On October 18, 2005, Triad Hospitals, Inc. (the “Company”) entered into an Asset Purchase Agreement (the “Purchase Agreement”) with Signature Hospital, LLC (“Signature”). Pursuant to the Purchase Agreement, the Company has agreed to sell to Signature three hospitals: Gulf Coast Medical Center in Wharton, Texas; Medical Park Hospital in Hope, Arkansas; and Pampa Regional Medical Center in Pampa, Texas (the “Facilities”). The purchase price for the Facilities is $75,000,000 in cash and the assumption of certain liabilities, plus working capital. The purchase price will be reduced by the amount of any capitalized leases assumed by Signature.
The Purchase Agreement contains customary representations and warranties, covenants, indemnities, closing conditions and termination provisions. Signature’s obligations under the Purchase Agreement are conditioned on, among other things, the receipt of:
| • | | all required governmental and third party consents and approvals; |
| • | | confirmation from all applicable licensure agencies that at closing all required operating licenses for the Facilities will be transferred, or issued to Signature; and |
| • | | reasonable assurances that Medicare and Medicaid certification of the Facilities for operation by Signature will be effective as of the closing and that Signature may participate in such programs as of the closing. |
The Purchase Agreement also includes a covenant by the Company and its affiliates not to compete with the Facilities for a period of three years after the closing date.

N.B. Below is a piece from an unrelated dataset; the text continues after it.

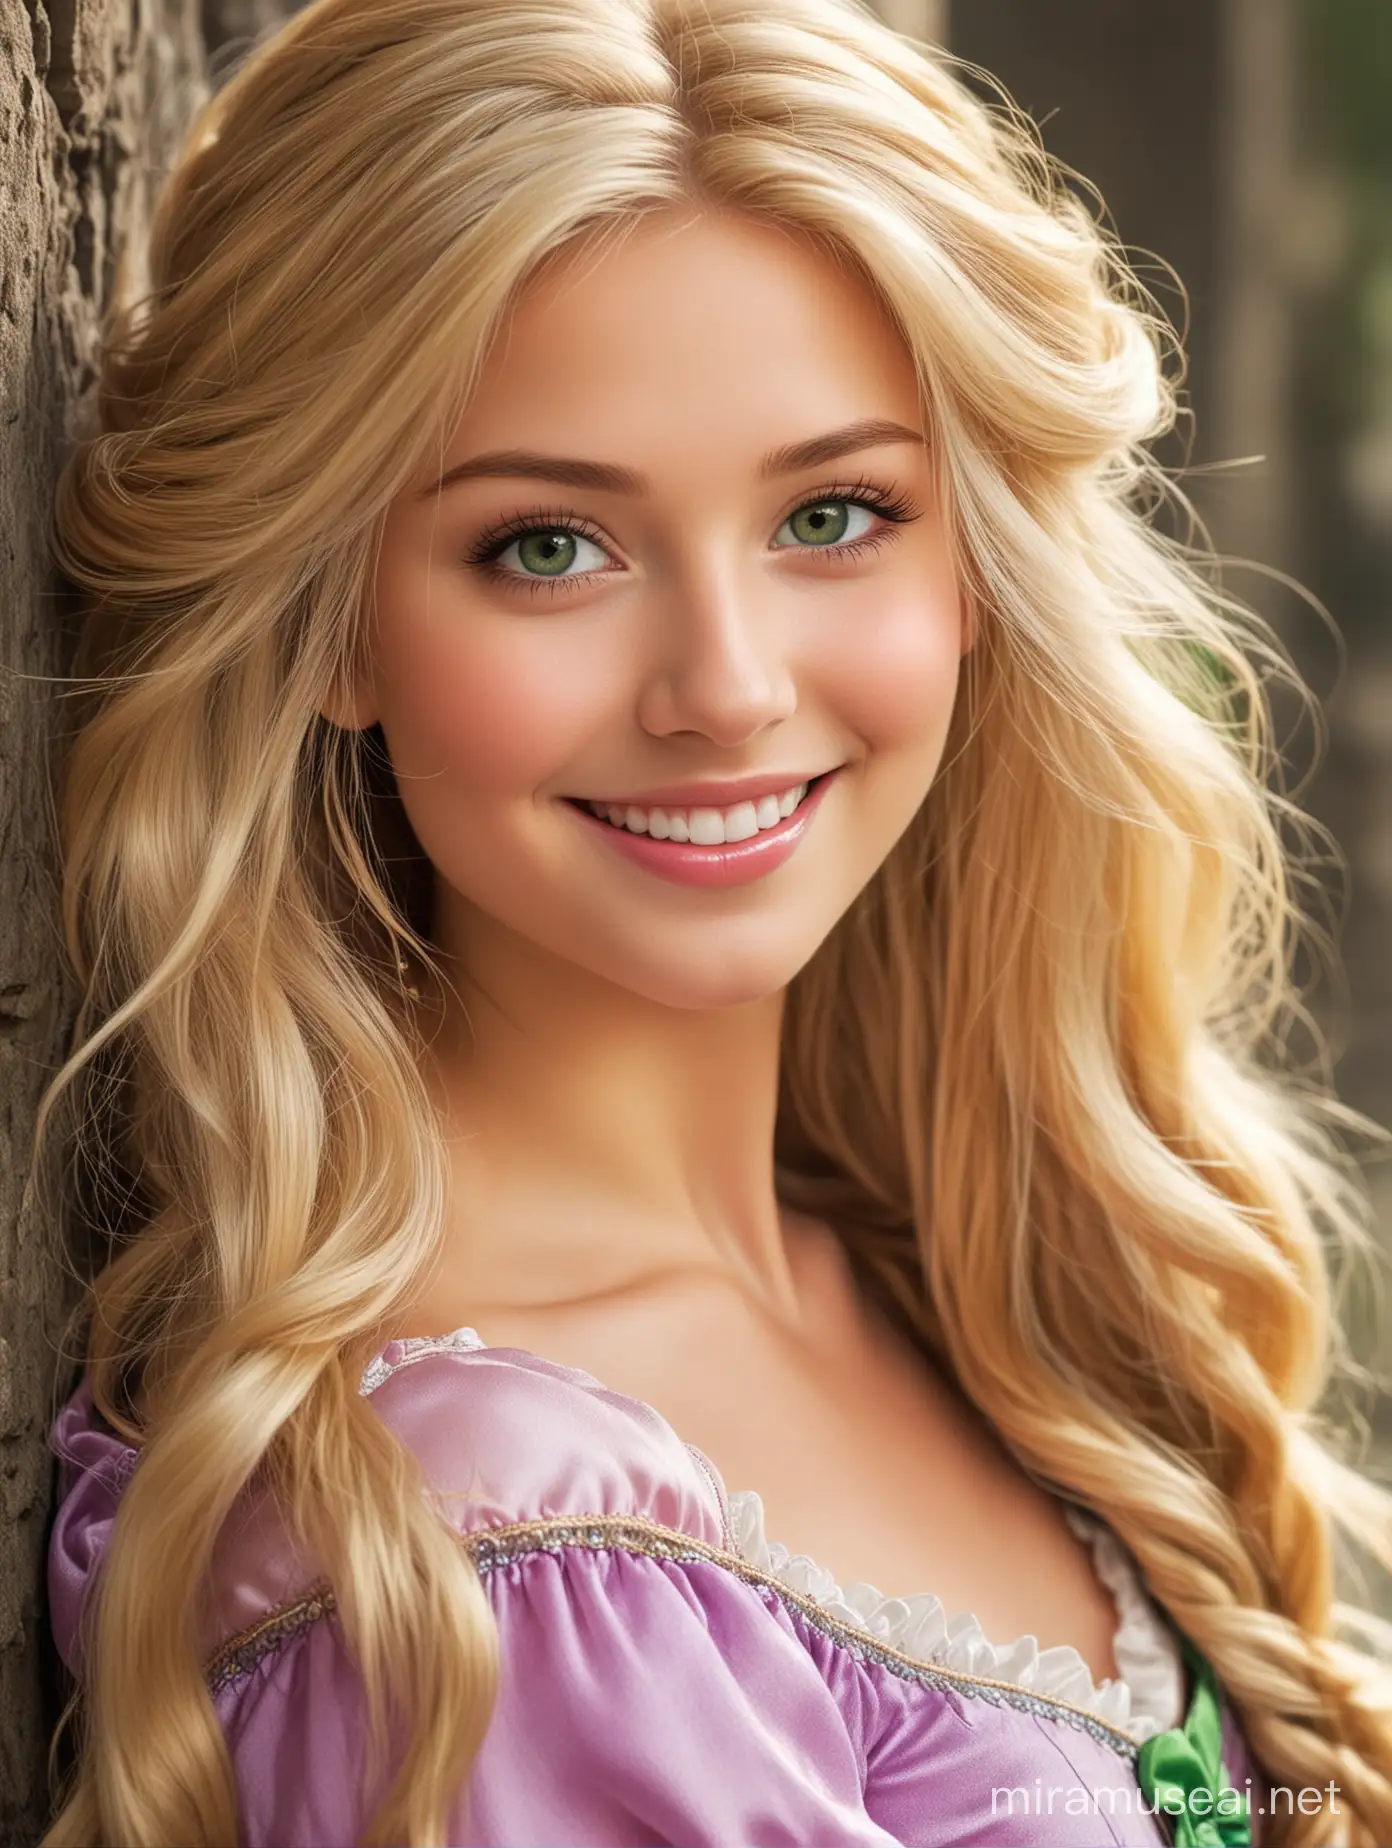 gorgeous princess Rapunzel. Blonde hair green eyes. smiling at you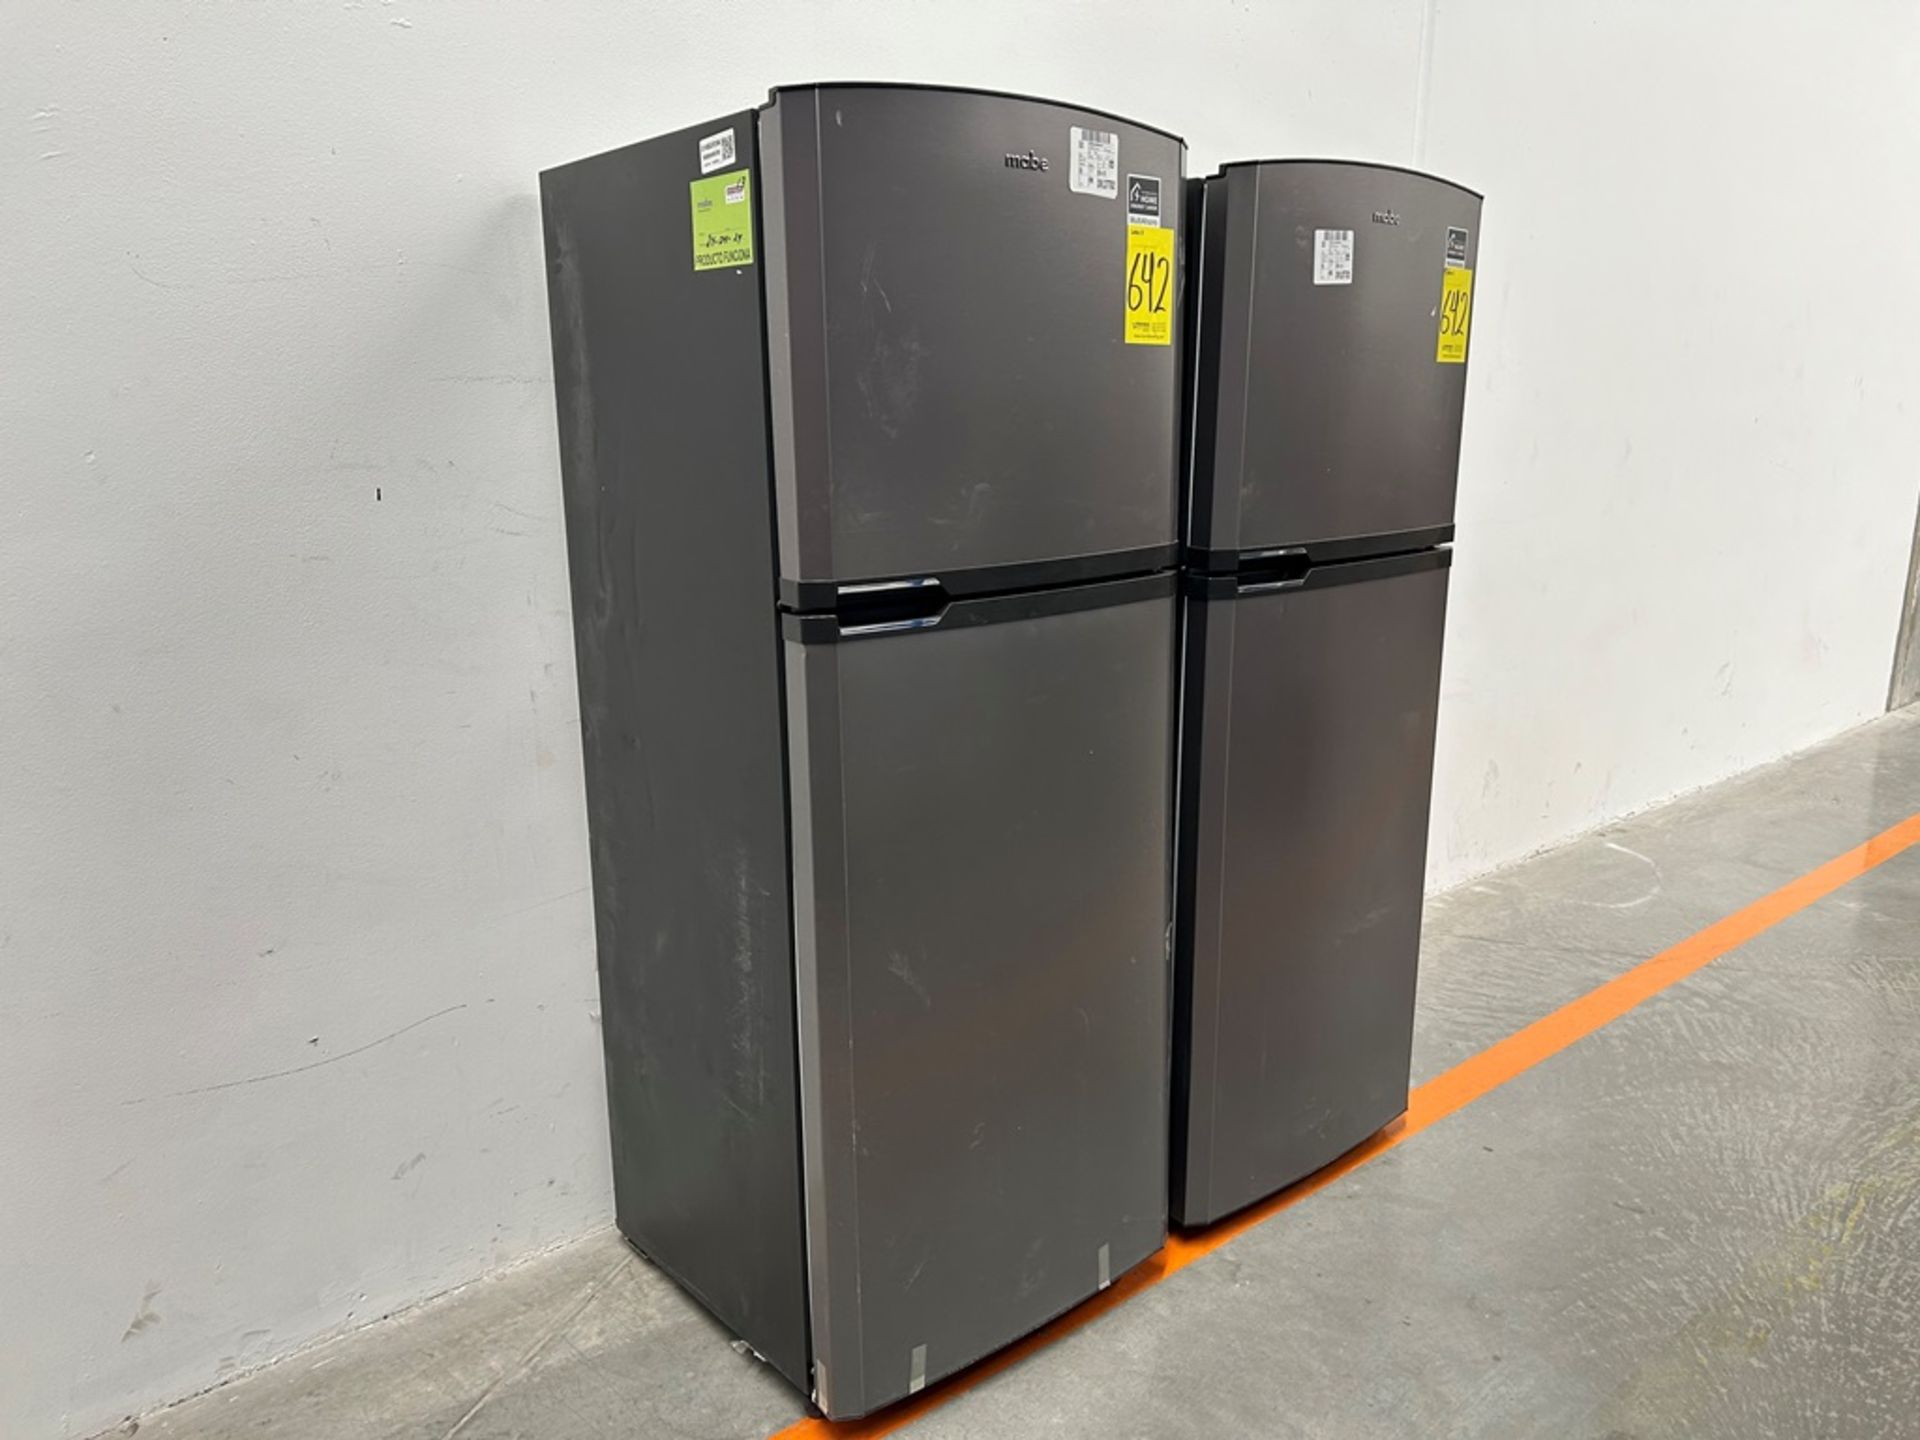 Lote de 2 refrigeradores contiene: 1 refrigerador Marca MABE, Modelo RME360PVMRM, Serie 01988, Colo - Image 3 of 18

Signature was formed by an investing group that includes Jim Dalton. Mr. Dalton was previously the chief executive officer of Quorum Health Group, Inc., which was acquired by the Company in April 2001. Mr. Dalton served as a director of the Company from April 2001 until May 2003.
The financial results from the Facilities will be reclassified as discontinued operations beginning in the fourth quarter of 2005, with all prior periods restated. The sale is expected to close in the fourth quarter of 2005.
SIGNATURE
Pursuant to the requirements of the Securities Exchange Act of 1934, Triad Hospitals, Inc. has duly caused this report to be signed on its behalf by the undersigned hereunto duly authorized.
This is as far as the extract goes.